In our patient, the overall clinical, pharmacological, and neuropathological findings were consistent with those observed in sporadic MTLE with Hs, including the excellent outcome from anterior temporal lobectomy. In this way, our findings reinforce the belief that known genetic defect, which is present diffusely in the brain, do not necessarily preclude a good prognosis following epilepsy surgery, if surgery is a reasonable option based on the concordance of other data during presurgical evaluation. It cannot be excluded, however, that the milder loss-of-function impairment of SCN1A related to the M145T mutation could also influence the better postsurgical outcome.
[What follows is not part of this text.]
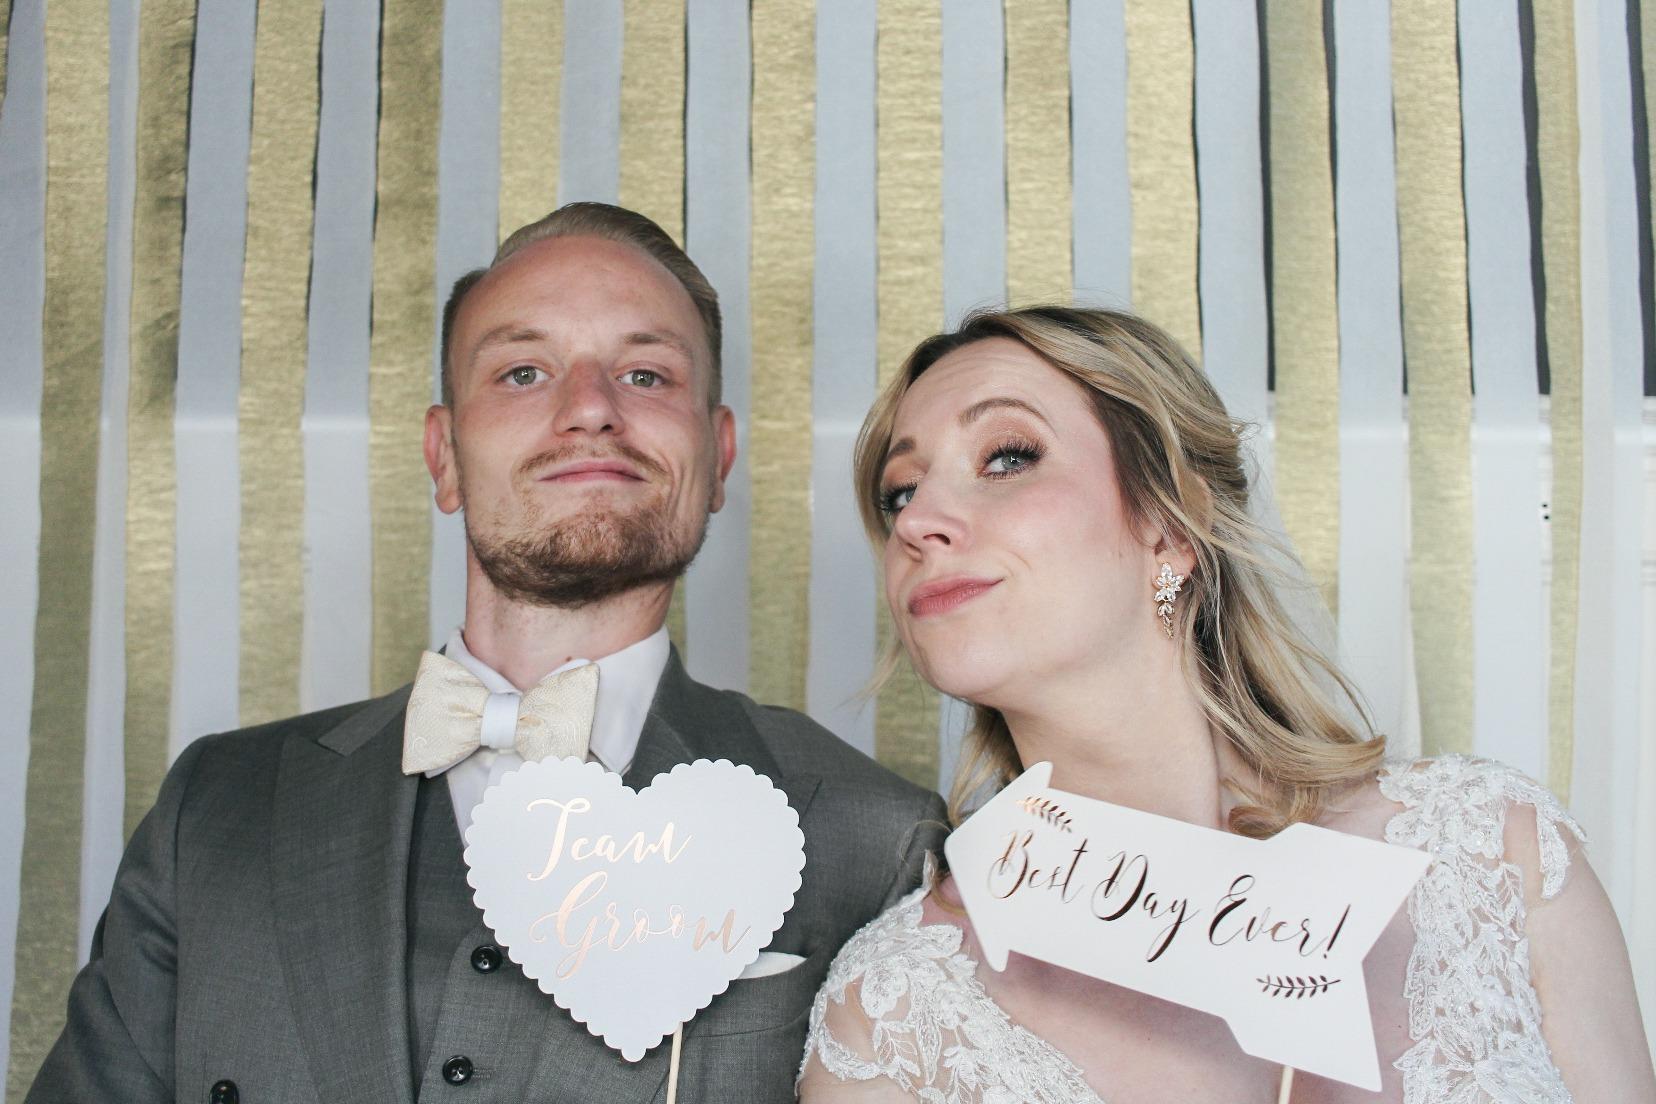 Braut und Bräutigam: Unsere Fotostreifen: Unsere Hochzeit am großen Wannsee in Berlin, festgehalten mit der Kruu Fotobox #mrandmrswinzer

Important, as previously reported in Dravet syndrome and tuberous sclerosis complex,^{13, 18} CBD was capable to increase GABA current amplitude in mNa_V 1.1 and MTLE patients, that was recently approved as treatment for Dravet and Lennox–Gastaut syndromes.¹² Thus, in accordance with the “interneuron hypothesis,”¹⁴ our findings support the assumption that seizures in mNa_V 1.1 patient could arise from a minor GABA release from interneurons together with a reduction of GABAergic postsynaptic efficacy after repetitive stimulation (i.e., rundown). Major therapeutic implication of these findings is that by rescuing the GABAergic inhibitory activity it is possible to improve the clinical outcome of this kind of patients. In this way, this study ultimately may pave the road to develop new antiepileptic approaches in epileptic patients with Hs.

Conflicts of Interest

None of the authors has any conflict of interest to disclose.